Balade au hasard des allées de la promenade Micaud, qu’en toute subjectivité on va classer comme le plus beau jardin public de la ville, entre statues de gloires locales, arbres plusieurs fois centenaires et jeux pour les bambins.
Un (malheureux) candidat à la récente élection municipale nous l’avait décrit comme « le Central Park » de Besançon. C’était osé. Parce qu’entre les 4 et quelques kilomètres carrés du cœur vert de Mahnattan et la poignée d’hectares du parc Micaud, comparaison n’est pas raison. D’autant qu’il n’y a pas de lacs artificiels (et longtemps qu’on n’y a pas vu couler d’eau dans les bassins qui succèdent à la vraie-fausse grotte), qu’à Micaud, on n’a jamais croisé d’écureuils quasi domestiques, juste des hérons au long coup emmanchés d’un long bec qui ont tellement pris la confiance qu’il viennent presque s’installer à la table des familles qui pique-niquent sur les pelouses le week-end.

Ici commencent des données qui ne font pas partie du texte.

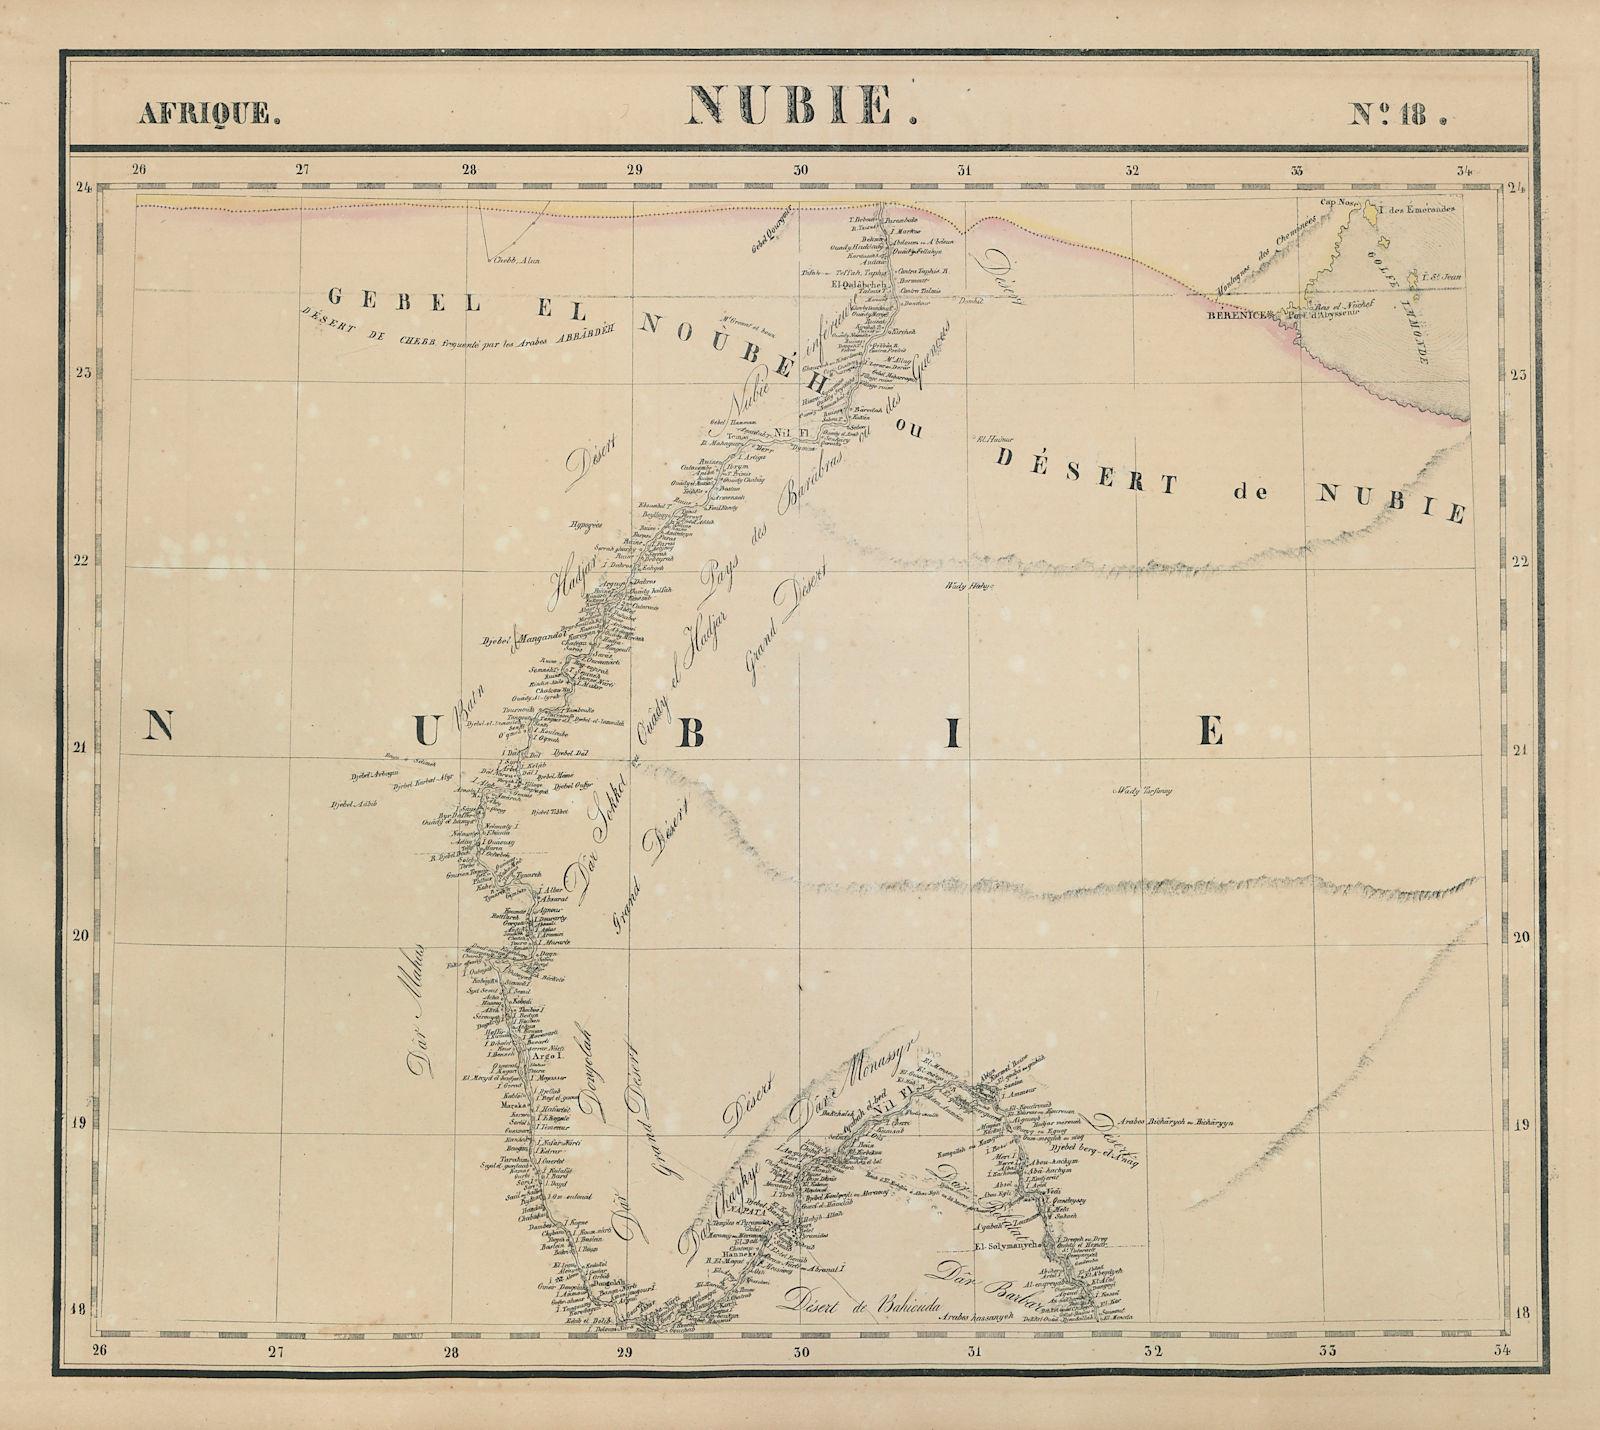 Associate Product Afrique. Nubie #18. Nile valley in Sudan & southern Egypt. VANDERMAELEN 1827 map

Peut-être pas Central Park mais de faux airs de la promenade des Anglais de Nice (en plus vert). © La Cédille.
Il n’empêche, c’est le plus joli parc (enfin, le nom officiel est « promenade Micaud ») du centre-ville. Le projet traînait dans les cartons depuis 1830. Il a fallu attendre 1843 pour qu’il se réalise : faut dire qu’il fallait relier une île à la ville via des terrains franchement marécageux. C’est l’inévitable l’architecte-urbaniste Alphonse Delacroix qui s’y cogne, dessinant un jardin à l’anglaise où la nature vit un peu sa vie. L’endroit a vraiment du charme avec sa vue sur le Doubs, la Citadelle au loin, ses allées ombragées d’une bonne centaine d’arbres (y’en avait genre 400 au départ mais certains ont, depuis, croisé lames de scies ou de tronçonneuses…) avec des essences plutôt rares sinon dont on ne soupçonnait pas l’existence : parce qu’un hêtre, ok, on voit (c’est un foyard, quoi) mais un hêtre lacuné, heu…

Just vs Henri. © La Cédille.
La promenade porte le nom de Micaud (Jean-Agathe de son prénom mais ça devait faire un peu long…), maire de Besançon de l’époque qui a bien boosté le projet. Son argument, largement recevable (encore plus aujourd’hui qu’hier) : « les promenades sont plus qu’une chose d’agrément (…) elles sont un besoin ». Comme tout parc qui se respecte, Micaud abrite quelques statues dont (quand un sculpteur rencontre un sculpteur) un monument consacré à Just Becquet du au ciseau d’Henri Greber. Et une sculpture de Louis Pergaud dans la tenue de combat dans laquelle il a trouvé la mort sur le front de Meuse en 1915 (lui, pacifiste convaincu…).

Pour se glisser sous les branches d’arbres au minimum centenaires. © La Cédille.
Au hasard des allées, tu croiseras également un kiosque à musique à l’ancienne, une pergola du XVIe siècle dont on ne sait pas vraiment pourquoi les colonnes ont été plantées là, de récentes tables où jouer aux échecs à l’ombre, le fameux carrousel de la famille Bailly-Cochet et, sûrement, après celle de Velotte, la plus belle aire de jeux de la ville pour les mômes.
F.P.C.
✪ Promenade (ou parc, c’est selon…) Micaud : à l’angle d’un pont où République rime aujourd’hui avec polémique et de l’avenue Édouard Droz (Les Chaprais). Accès : tram lignes 1 et 2, arrêt Parc Micaud (évidemment).